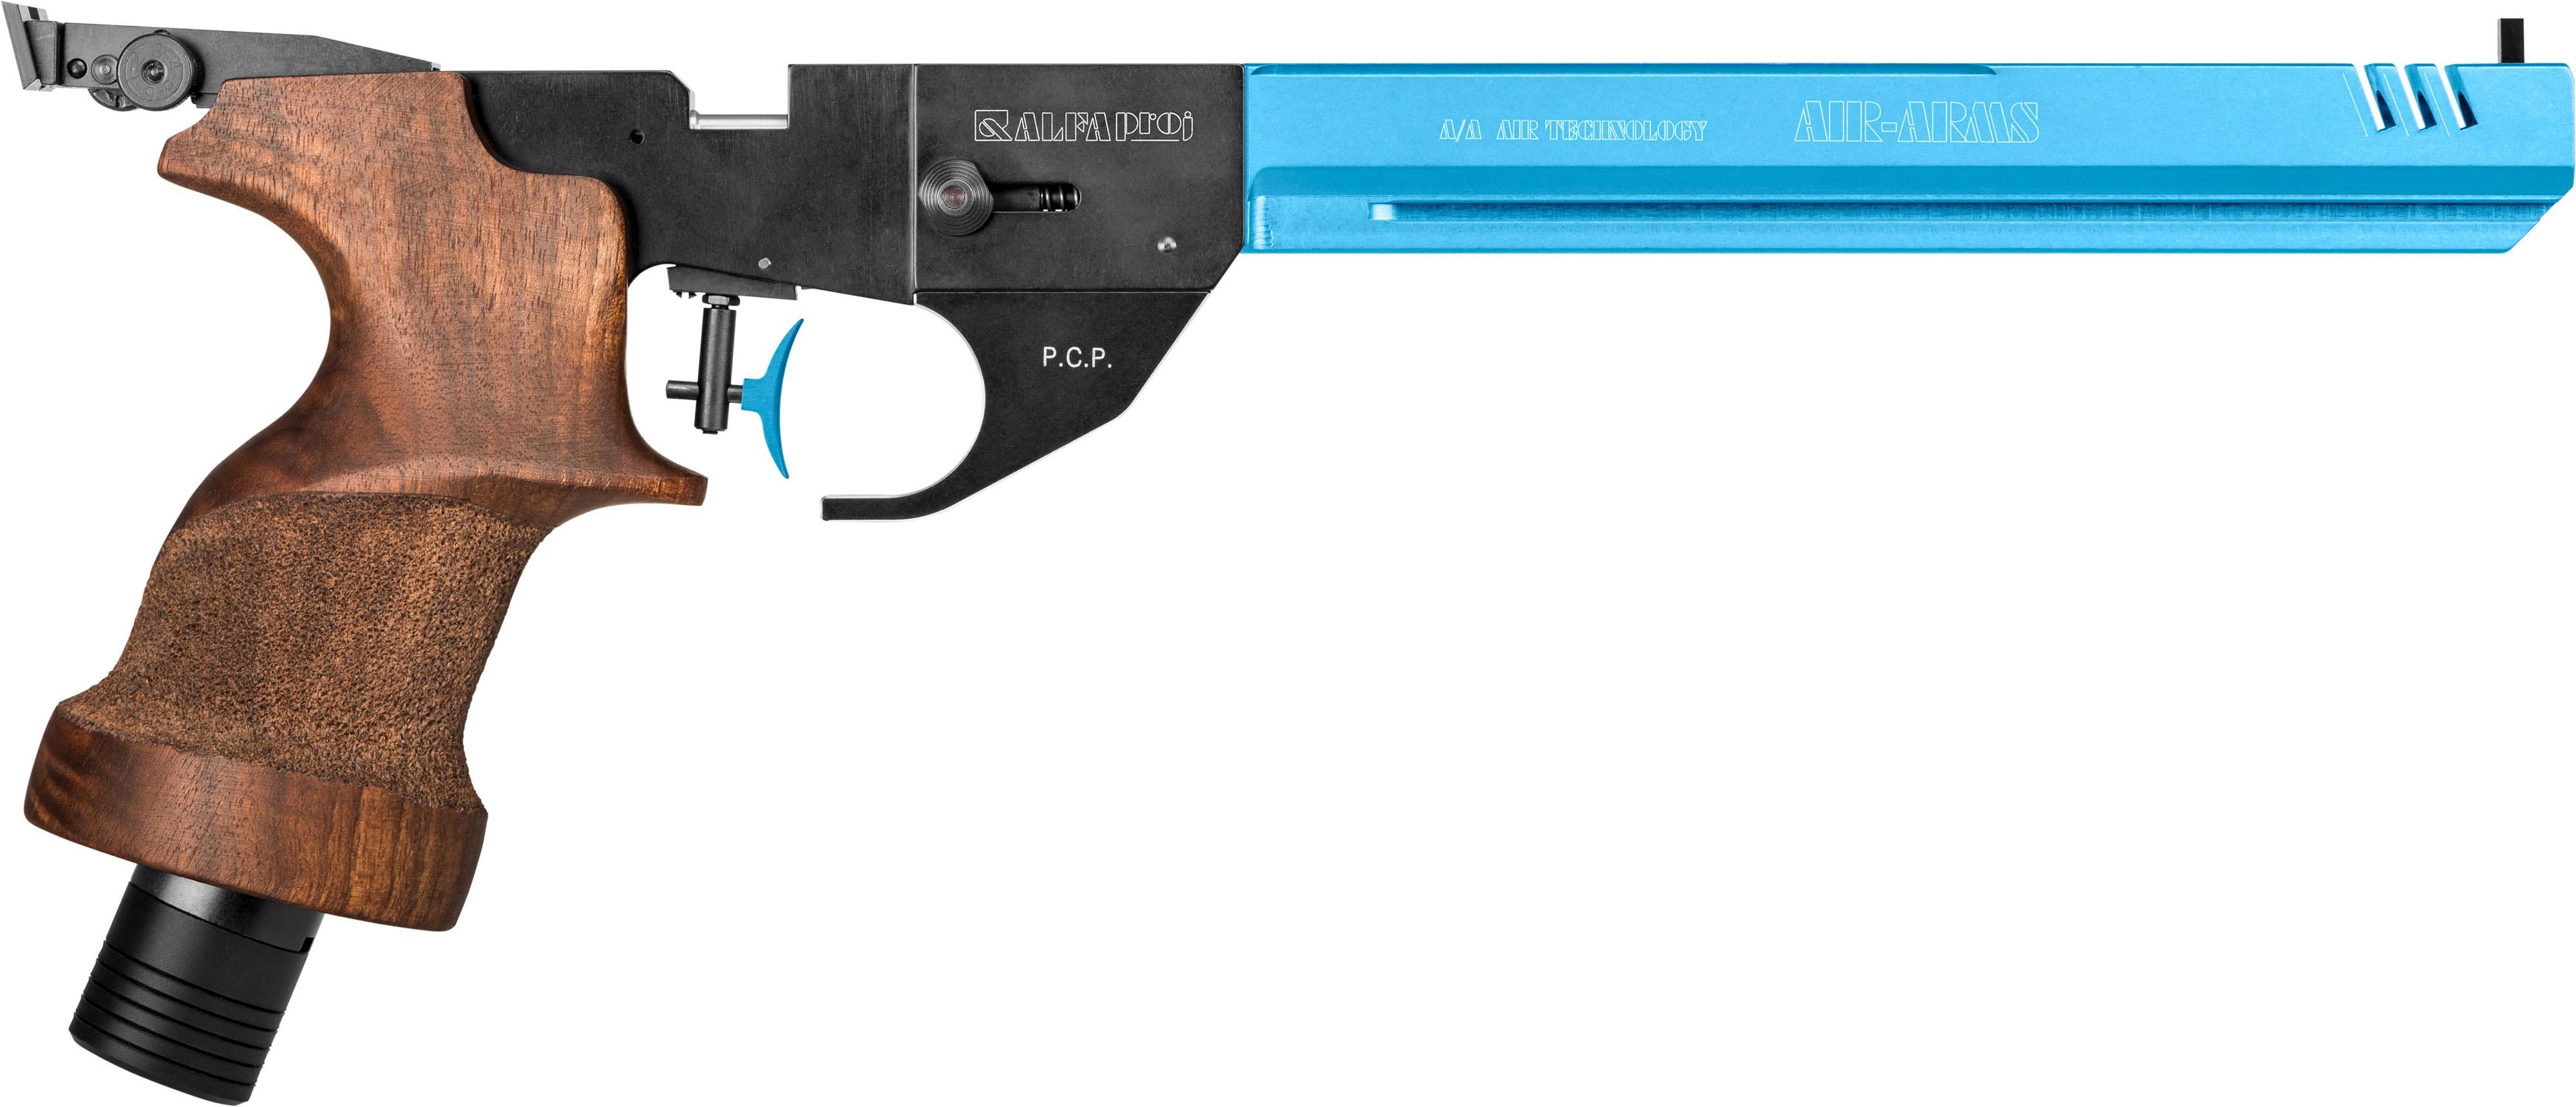 Alfa Sport Pistol - Target Rifles | Air Arms
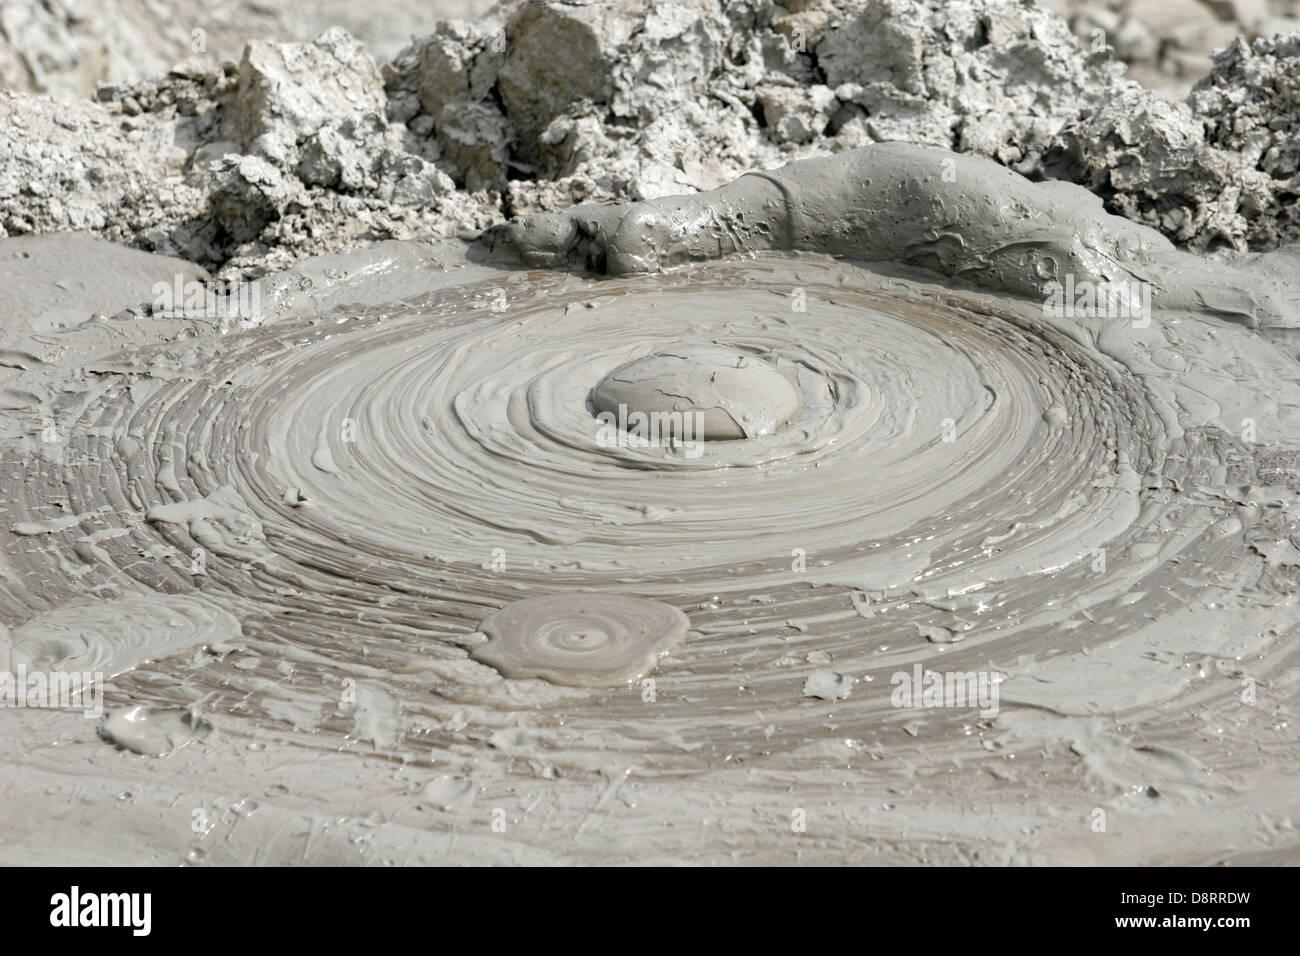 Mud volcanoes in Qobustan near Baku Azerbaijan - Stock Image
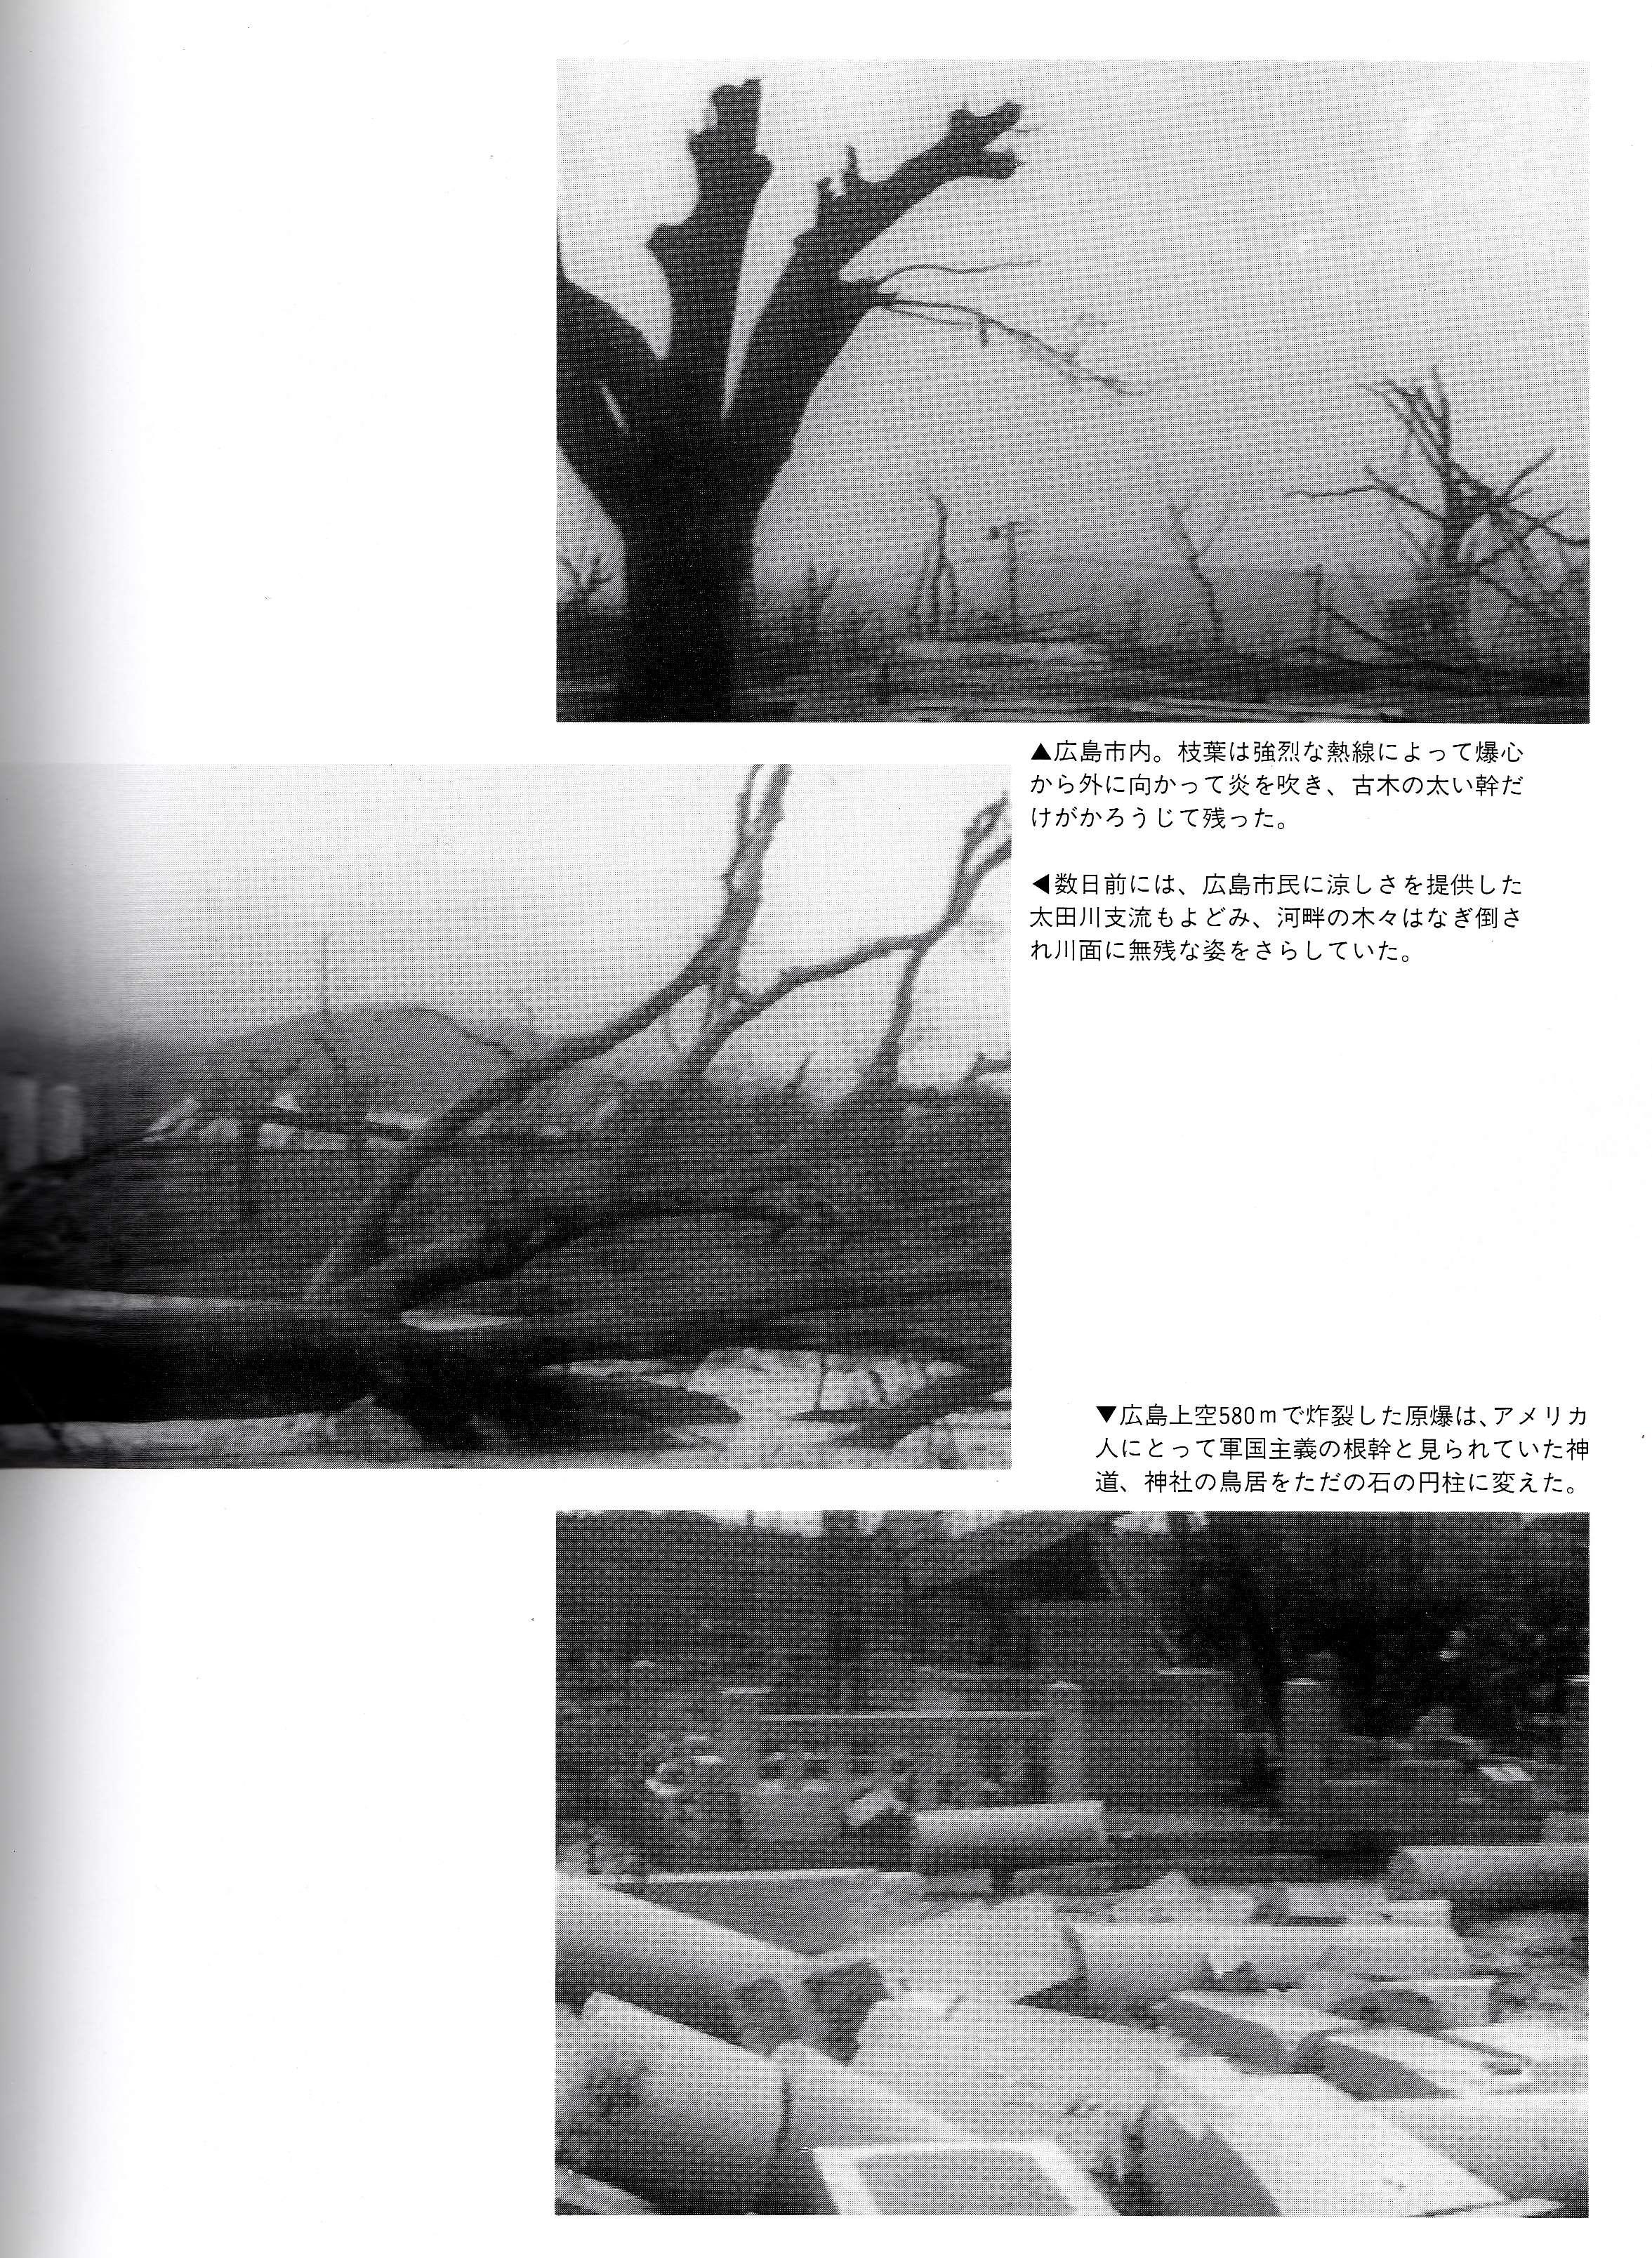 広島原爆の惨状_InPixio

# # # #

What you are asked to do:
Copy exactly, please, the lines that run from the line holding "Mud volcanoes in" through the closing line of the material above, omitting every picture.

Answer to this task:
 Mud volcanoes in Qobustan near Baku Azerbaijan - Stock Image
 広島原爆の惨状_InPixio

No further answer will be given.